American conductor (1923–1998)

Theodore Robert Bloomfield (June 14, 1923 - April 1, 1998) was an American conductor.

He was born in Cleveland, Ohio, he studied music at Oberlin College in Ohio and conducting with Edgar Schenkman for two years on a fellowship at the Juilliard School in Manhattan. He studied French horn to gain experience in orchestral performance, and he also studied piano with the Chilean pianist Claudio Arrau. For two summers, he studied conducting with Pierre Monteux in Hancock, Maine. In 1946, Monteux conducted the San Francisco Symphony in the premiere of Bloomfield's transcription of Bach's Toccata and Fugue in C major. Artur Rodzinski conducted the New York Philharmonic premiere of Bloomfield's Toccata and Fugue transcription on October 3, 1946. Olin Downes review stated "This is a sound job, one free from oversimplification or the sensational effects in which so many modern transcriptions indulge. Mr. Bloomfield tells us that he tried to instrumentate as he believes Bach would have done had he had a modern orchestra at his disposal". He closed his review with the words "The score sounded clearly and well".

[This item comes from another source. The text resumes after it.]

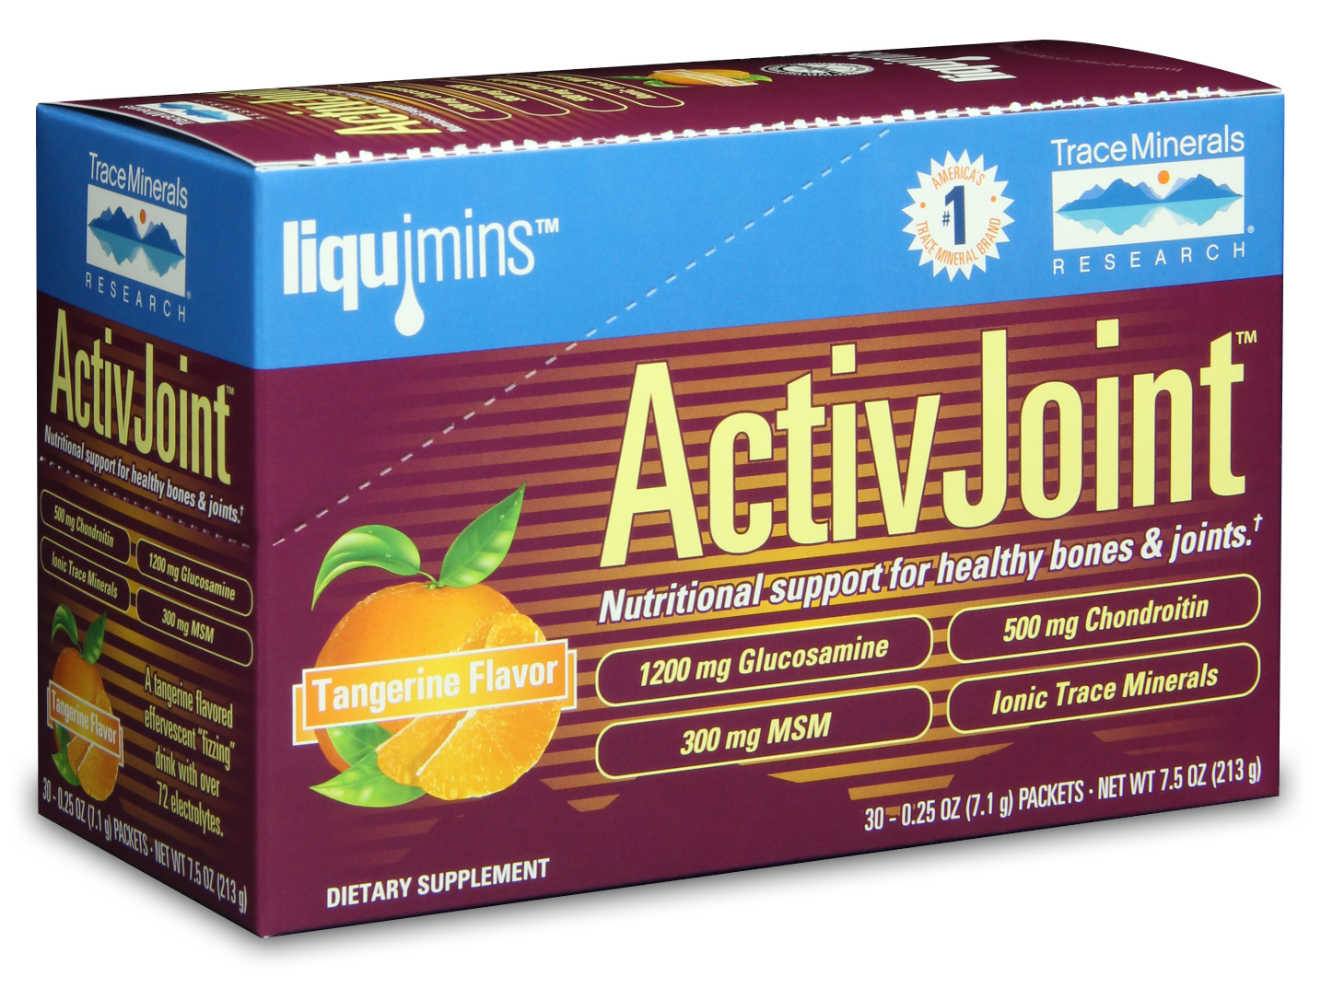 Trace Minerals Research: Activ Joint 30 Packets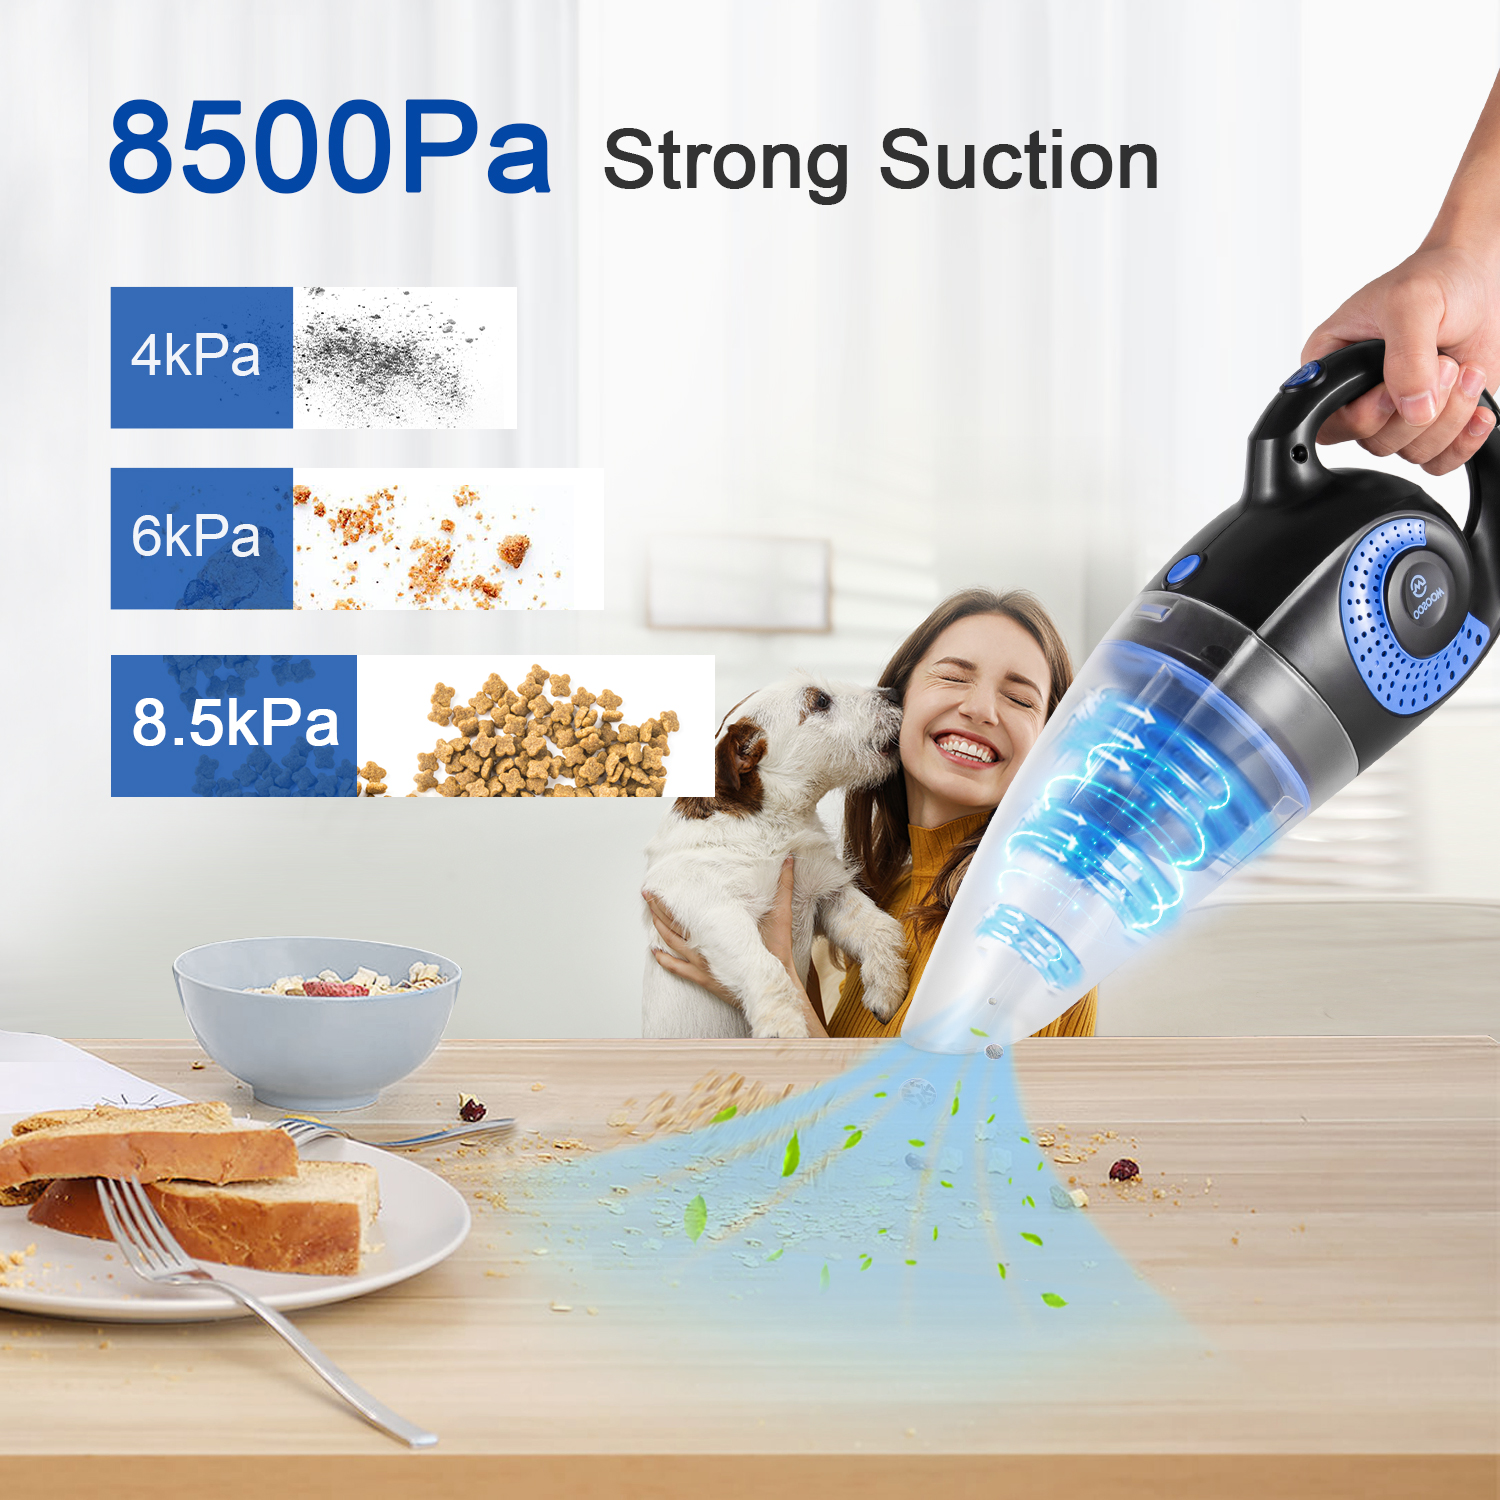 Moosoo Strong Suction handheld Vacuum Cleaner, Cordless Hand Vacuum, Rechargeable Handy Vac for Car & Pet Hair - image 3 of 7

His first conducting experience was with the New York Little Symphony Orchestra at Carnegie Chamber Music Hall on December 21, 1945. He was chosen from 100 applicants to serve as an apprentice conductor to George Szell at the Cleveland Orchestra for 1946–1947. In 1946, he conducted what then was believed to be the premiere of Charles Ives Central Park in the Dark. This was in New York City with a student chamber orchestra from the Juilliard School at an all-Ives concert held at the McMillin Theatre at Columbia University. (Ives himself recalled an earlier performance – 1906 or 1907). Bloomfield was also the off-stage conductor for the premiere of Ives' The Unanswered Question at the same concert.

In 1947, he organized the Cleveland Little Symphony Orchestra which he directed until 1952. He was a finalist in the Eugene Ormandy contest in November 1948. In 1949, he organized the Civic Opera Workshop of Cleveland. At this time he was also the piano accompanist for Licia Albanese and on the staff of the Tanglewood Music Center.

In 1952 he traveled to Europe to conduct, living in Rome. He conducted the Palermo Massimo Theatre Orchestra in October, 1952. He led his first concert in Vienna in November, 1952 with the Vienna State Opera Orchestra in the Konzerthaus, Vienna.

Although he was engaged to Audrey Kupperstein in January 1947, he married Margery W. Bloomfield in 1953.

Bloomfield was the conductor of the Oregon Symphony 1955-1959 (he was one of the guest conductors for the orchestra in the 1954–1955 season). In four seasons in Portland, he introduced 62 works new to the orchestra audience. Prominent artists he invited to Portland included the pianists Artur Rubinstein and Rudolf Serkin, sopranos Birgit Nilsson and Elisabeth Schwarzkopf, and violinist Isaac Stern. The musicians considered him a strict conductor who was detail oriented. A new violist in the orchestra, Peggy Swafford, said this about the conductor who was her first: "I was a bit intimidated. He was meticulous, and he had every score memorized. But it was a joy. He had wonderful eyes, piercing, and you knew by the look that things were going well or not."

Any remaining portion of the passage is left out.